Reporter: Yusuf Imam Santoso | Editor: Herlina Kartika Dewi
KONTAN.CO.ID - JAKARTA. Harga minyak mendapat sentimen positif setelah pasar modal global terlihat menguat. Hal ini karena kekhawatiran pasar terhadap perlambatan ekonomi global mulai berkurang setelah Amerika Serikat (AS) memutuskan untuk menunda kebijakan kenaikan tarif impor untuk Meksiko.
Akhir pekan lalu, harga minyak west texas intermediate (WTI) untuk pengiriman Juli 2019 naik 2,66% ke US$ 53,99 per barel dibanding sehari sebelumnya yakni, US$ 52,59 per barel. Dalam sepekan, harga minyak naik 0,91%.
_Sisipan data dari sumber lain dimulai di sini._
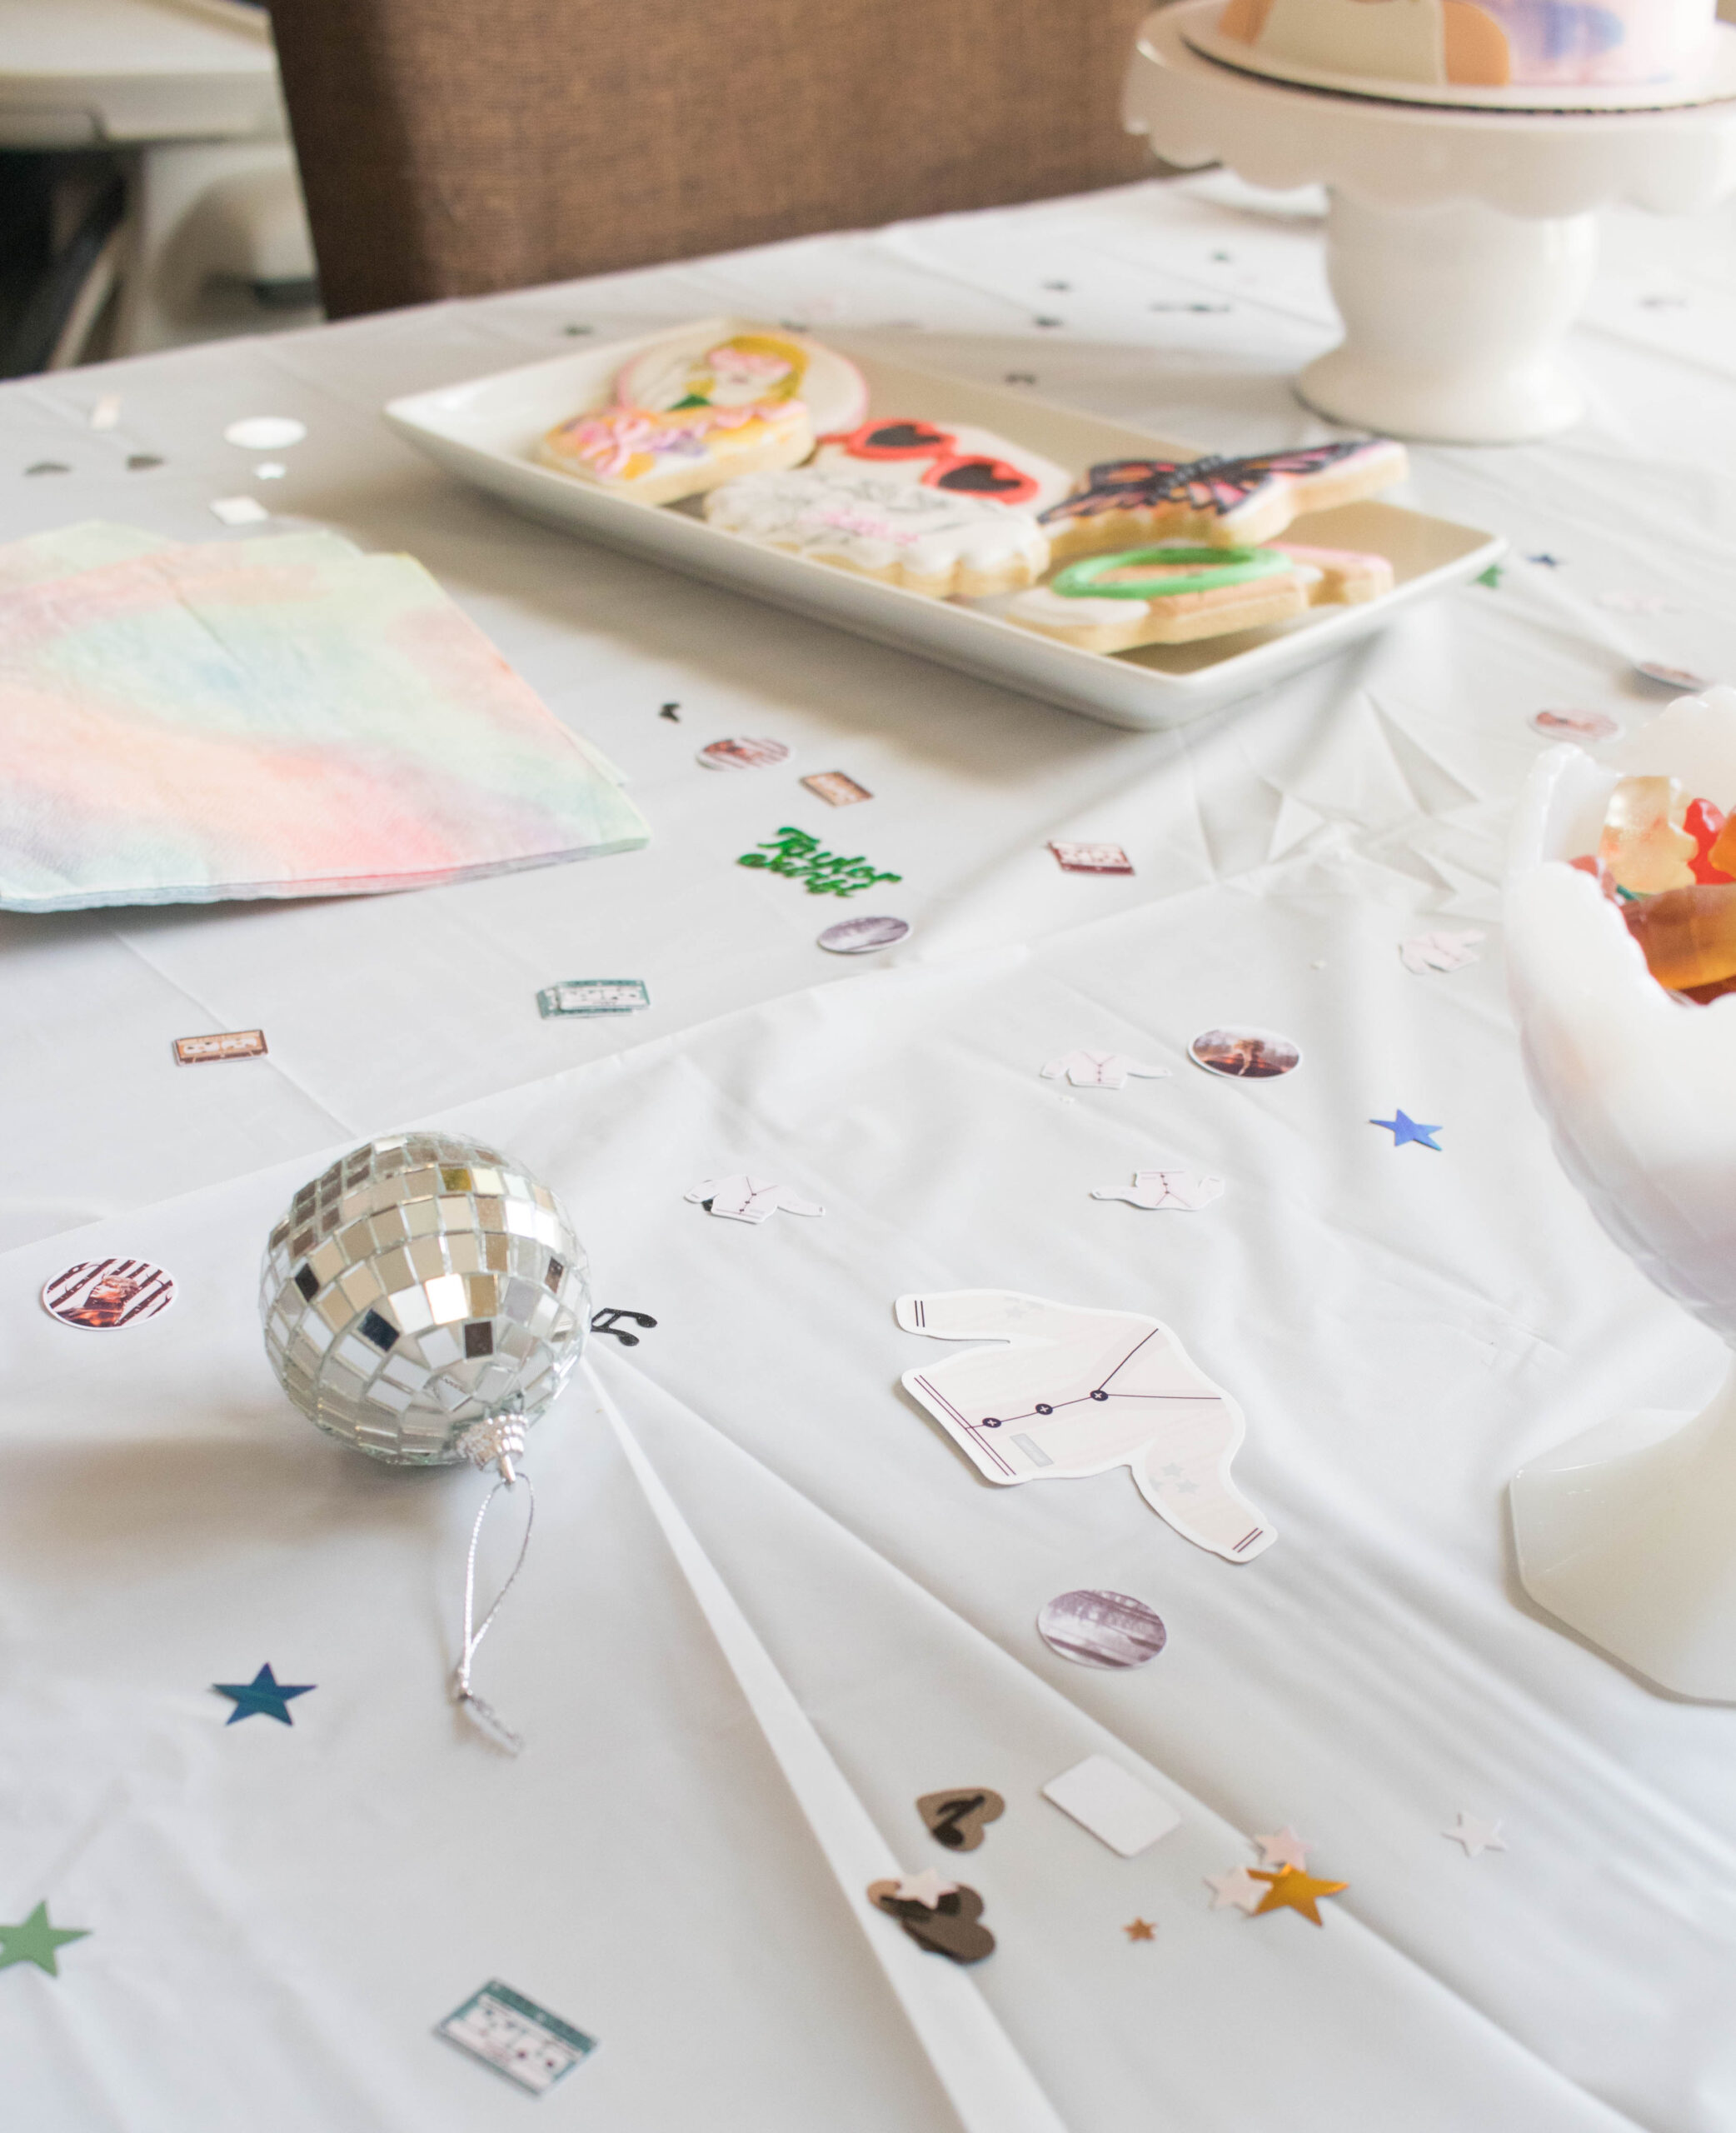 taylor swift confetti for birthday party #taylorswiftbirthday #swiftie #partyideas

Selain karena dampak eskalasi perang dagang yang dibuat oleh AS, melonjaknya persediaan minyak di AS turut menekan harga minyak. Data terakhir dari Energy Information Administration (EIA), sepekan terakhir persediaan minyak di AS masih terus bertambah.
Selain itu, Arab Saudi yang mewakili Organization of the Petroleum Exporting Countries (OPEC) pernah mengatakan bahwa OPEC berencana atau akan mempertimbangkan berlanjutnya program pemangkasan produksi minyak. Ini dilakukan dengan pertimbangan untuk menyeimbangkan antara supply dan demand global terhadap minyak karena outlook perlambatan ekonomi global masih menjadi perhatian.
Analis Monex Investondo Futures Dini Nurhadi Yasyi mengatakan harga minyak melonjak setelah Menteri Energi Arab Saudi Khalid al-Falih mengatakan dalam sebuah konferensi di St. Petersburg, Rusia bahwa level $60 per barel terlalu rendah untuk mendorong investasi di industri ini.
Falih mengatakan bahwa dia tidak ingin meningkatkan produksi minyak Arab Saudi untuk membuat harga minyak lebih rendah dan kembali ke lingkungan kejatuhan harga seperti di tahun 2014 dan 2015 yang tidak dapat diterima.
Sebuah kesepakatan yang dibuat oleh OPEC dan produsen lainnya, yang termasuk Rusia, untuk pangkas produksi sebesar 1,2 juta barel per hari akan berakhir masanya di akhir bulan ini.
“Jika pasar modal masih memperlihatkan penguatannya, harga minyak berpeluang menguat,” kata Dini dalam analisisnya, Jumat (7/6).
Perlu konsistensi pergerakan di atas level US$ 53,40 per barel untuk mengincar resistance selanjutnya di level US$ 54,00 per barel. Jika belum mampu melanjutkan penguatan di atas level US$ 54,00 per barel, harga minyak berpotensi terkoreksi di support terdekat di level US$ 52,20 per barel.
Untuk perdagangan selanjutnya, Dini meramal harga minyak bakal diperdagangkan di level support antara US$ 52,20, US$ 51,60, dan US$ 51,00 per barel. Sementara level resistance antara US$ 53,40, US$ 54,00, dan US$ 54,60 per barel.